An announcement this week by VMware on their vSphere 5 Virtual Storage Appliance has brought back the concept of shared DAS (see vSphere 5 storage announcements).
Arguably, Hadoop HDFS (see Hadoop – part 1), Amazon S3/cloud storage services and most scale out NAS systems all support similar capabilities. Such systems consist of a number of servers with direct attached storage, accessible by other servers or the Internet as one large, contiguous storage/file system address space.
Why share DAS? The simple fact is that DAS is cheap, its capacity is increasing, and it’s ubiquitous.
Shared DAS system capabilities
VMware has limited their DAS virtual storage appliance to a 3 ESX node environment, possibly lot’s of reasons for this. But there is no such restriction for Seanode Exanode clusters.
On the other hand, VMware has specifically targeted SMB data centers for this facility. In contrast, Seanodes has focused on both HPC and SMB markets for their shared internal storage which provides support for a virtual SAN on Linux, VMware ESX, and Windows Server operating systems.
Although VMware Virtual Storage Appliance and Seanodes do provide rudimentary SAN storage services, they do not supply advanced capabilities of enterprise storage such as point-in-time copies, replication, data reduction, etc.
But, some of these facilities are available outside their systems. For example, VMware with vSphere 5 will supports a host based replication service and has had for some time now software based snapshots. Also, similar services exist or can be purchased for Windows and presumably Linux. Also, cloud storage providers have provided a smattering of these capabilities from the start in their offerings.
Although distributed DAS storage has the potential for high performance, it seems to me that these systems should perform poorer than an equivalent amount of processing power and storage in a dedicated storage array. But my biases might be showing.
On the other hand, Hadoop and scale out NAS systems are capable of screaming performance when put together properly. Recent SPECsfs2008 results for EMC Isilon scale out NAS system have demonstrated very high performance and Hadoops claim to fame is high performance analytics. But you have to throw a lot of nodes at the problem.
In the end, all it takes is software. Virtualizing servers, sharing DAS, and implementing advanced storage features, any of these can be done within software alone.

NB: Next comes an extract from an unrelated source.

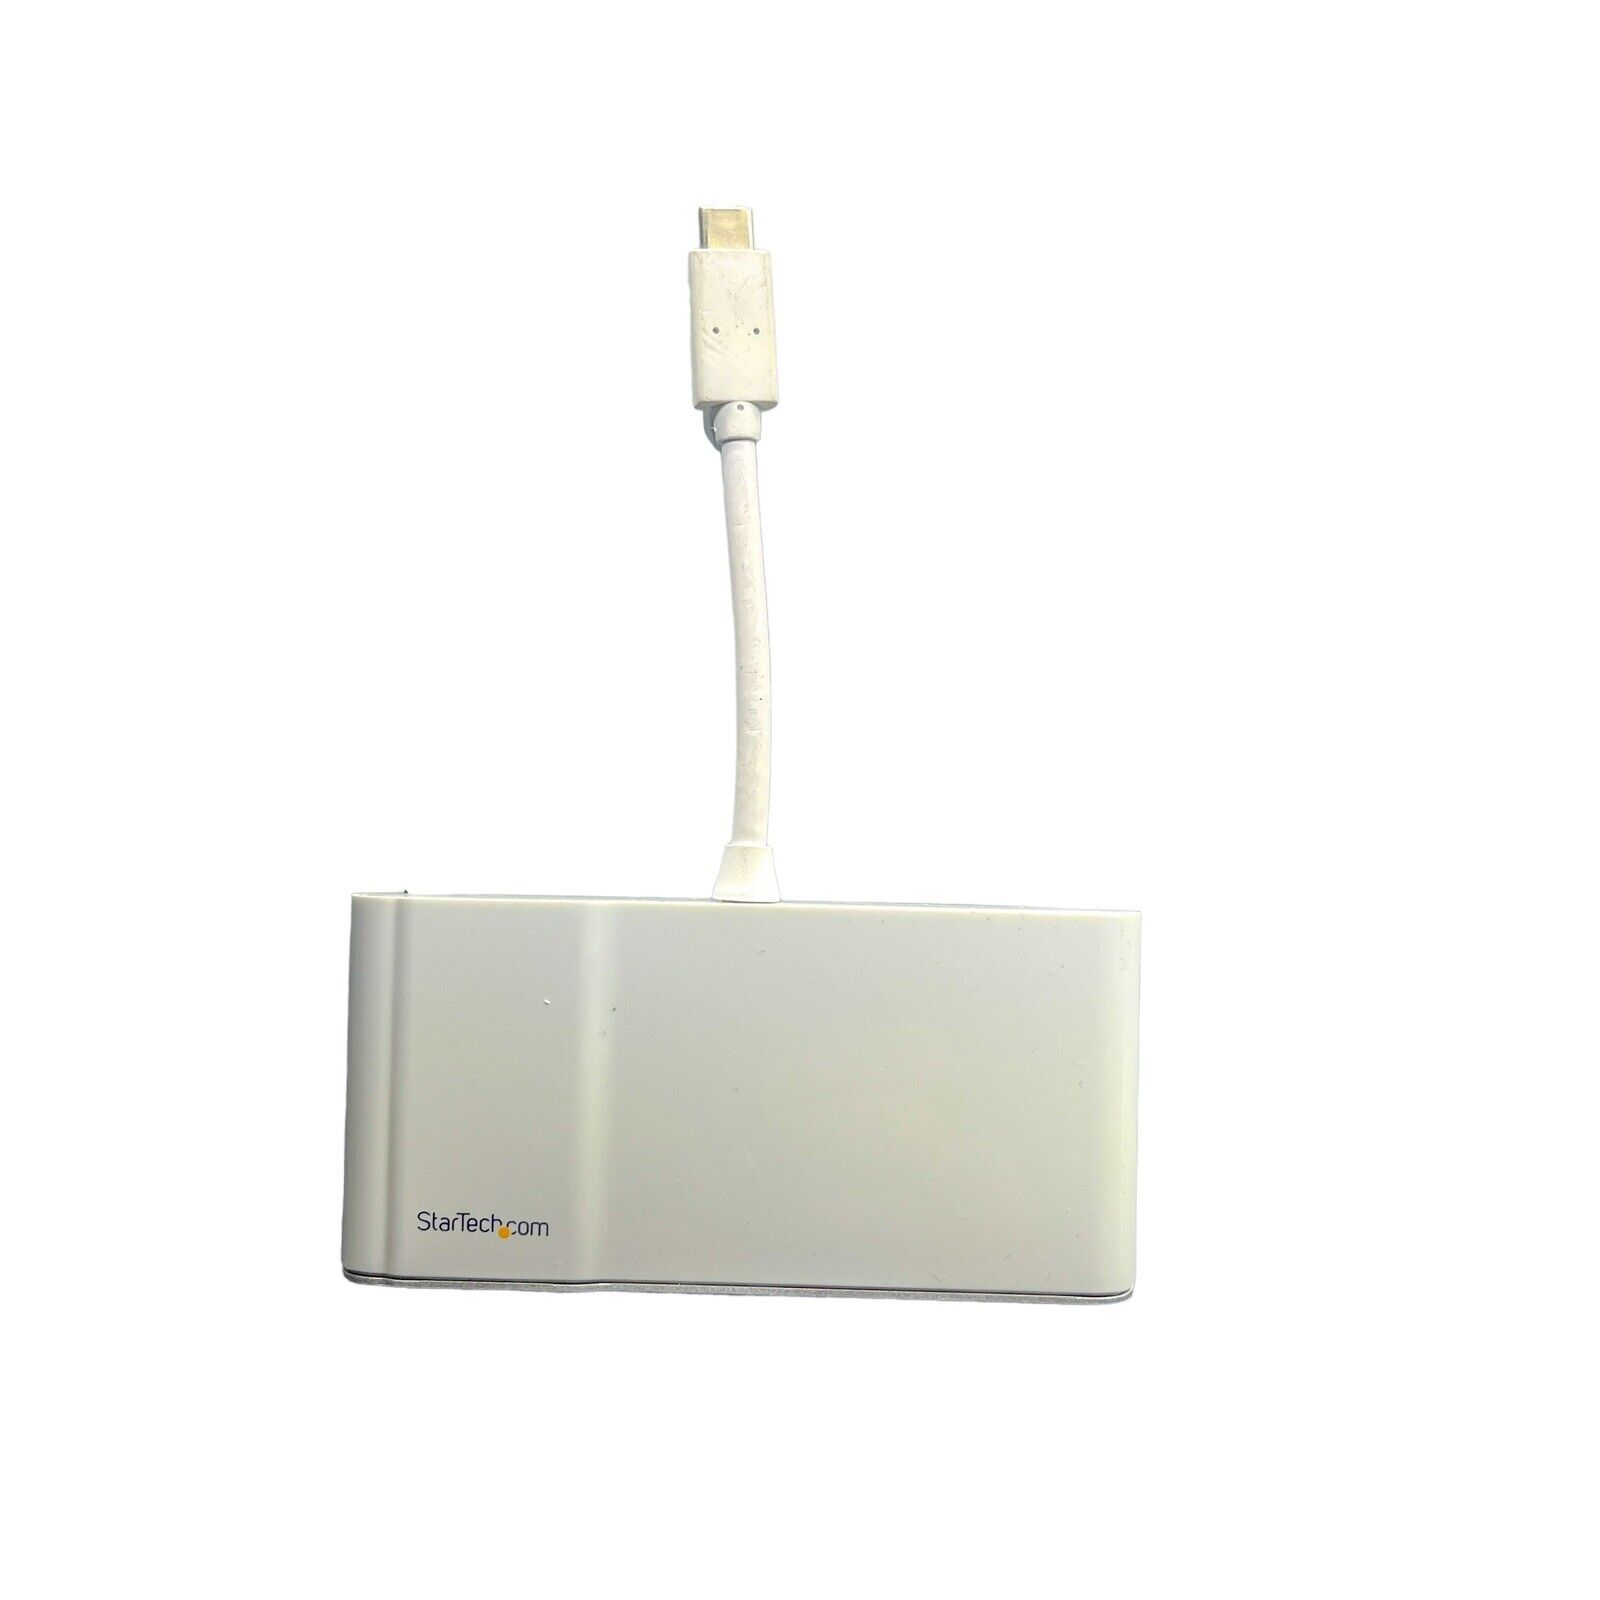 StarTech.com USB-C Multiport Adapter (DKT30CHVW) - White

However, service levels, high availability and fault tolerance requirements have historically necessitated a physical separation between storage and compute services. Nonetheless, if you really need screaming application performance and software based fault tolerance/high availability will suffice, then distributed DAS systems with co-located applications like Hadoop or some scale out NAS systems are the only game in town.